Tam-Awan Village from above.

It’s been a while… after all the work in February and the tedious note taking of the Human Rights Seminar, I needed a short break. So on Thursday, I took some books and headed up to the Northern Luzon, to the mountain towns of Baguio and Sagada. It turned out to be the perfect getaway. Cool mountain air, beautiful mountain scenery, including rice and vegetable terraces, and delicious, fresh vegetables.

At Tam-Awan Village in Baguio, I stayed a night in an Ifugao hut, a simple one-room hut from 1927 made of nothing but wood. I spent the evening with the group of Filipino artists at Tam-Awan, chatting away and sipping on homemade rice wine. I hiked around Sagada, saw the hanging coffins and walked through the rice terraces. Through the tourist office, I joined a German family on their hike, and they were nice enough to then include me in dinner and the next morning, a trip to the mountaintop to see the sunrise over the rice terraces.

On our hike to the hanging coffins, there were some human bones scattered on the ground, likely from an animal getting into a coffin, our guide told us. After the guide and his parents jokingly said he could take a bone, the little 7-year-old boy with us was quite upset that he wasn’t, in fact, allowed to have one!

When I wasn’t wandering the towns and mountains, I kept myself busy with internship work, reading books that I had borrowed from LINK. It was very nice not to have my computer, and to rely solely on books for the weekend:) This kept me occupied on the long bus rides too, and kept my eyes off of the winding road and the steep ravines that I felt we would plunge over at every turn.

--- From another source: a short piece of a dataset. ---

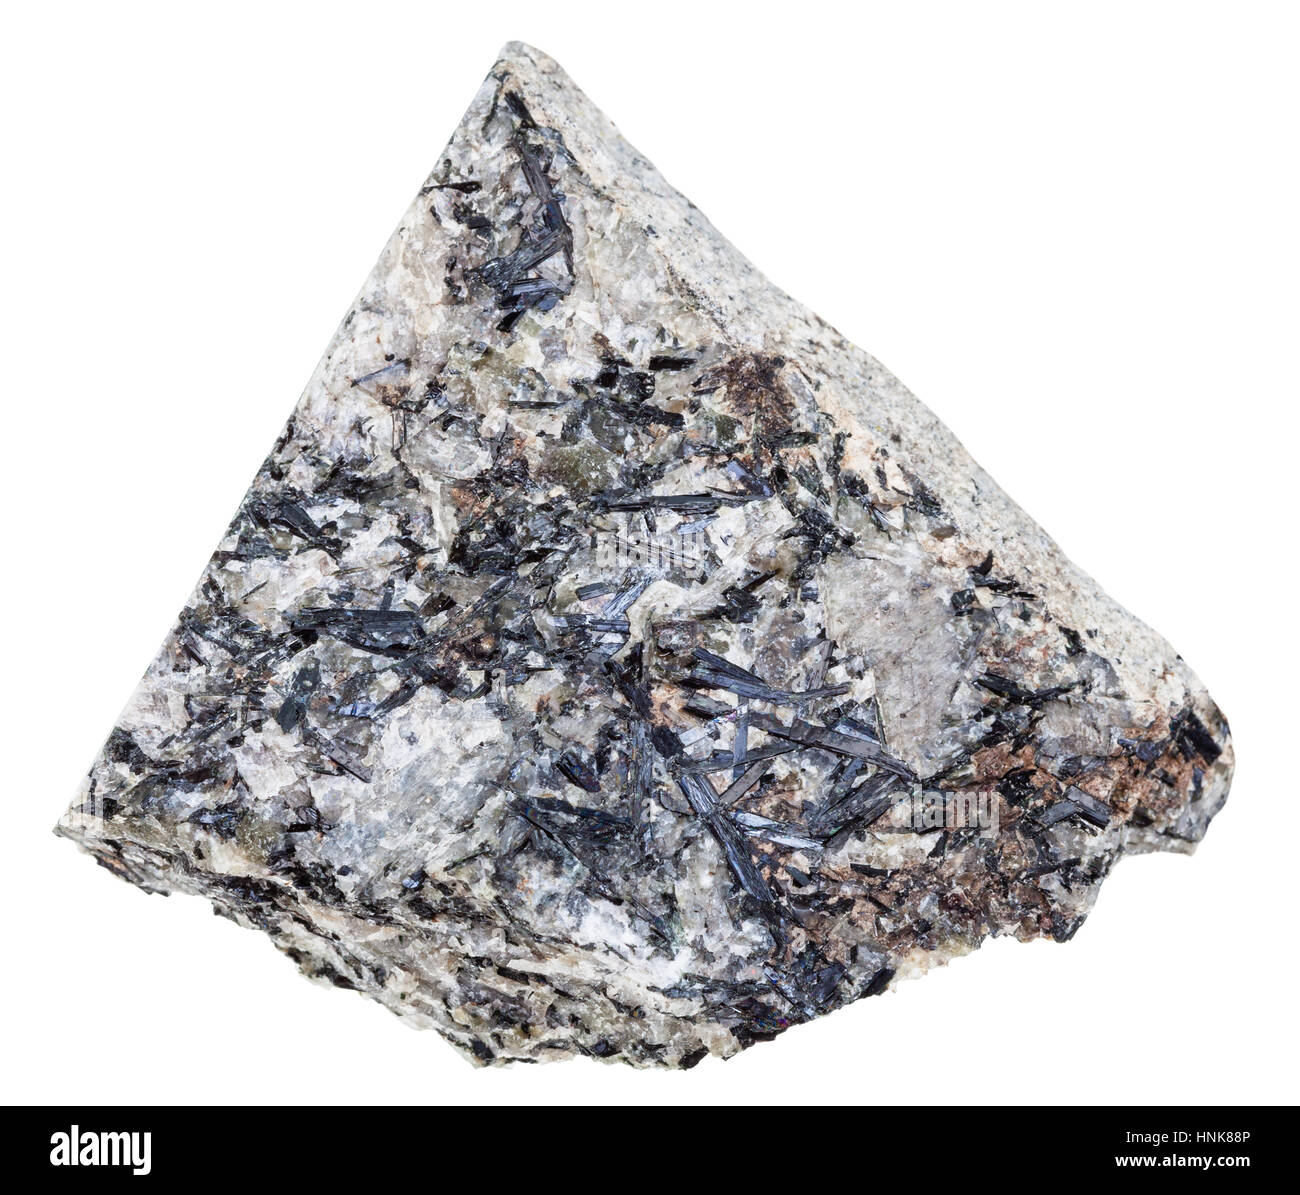 Makro-Aufnahmen der geologischen Sammlung Mineral - Lujaurite (Lujavrite, Nepheline Syenit) Felsblock isoliert auf weißem Hintergrund Stockfoto

I returned to reality Monday night, finally finished the Human Rights Seminar notes on Tuesday, and now my days are spent at the LINK Center. Those notes were much more work than anticipated, and I spent most of last week working on them too. The folks at LINK told me yesterday that they were thinking of asking me to take notes of their week-long training seminars, but realized that if anything was in Tagalog, I’d miss it. Thank goodness! I don’t know if I could do that again (although I would have let them know that, believe me).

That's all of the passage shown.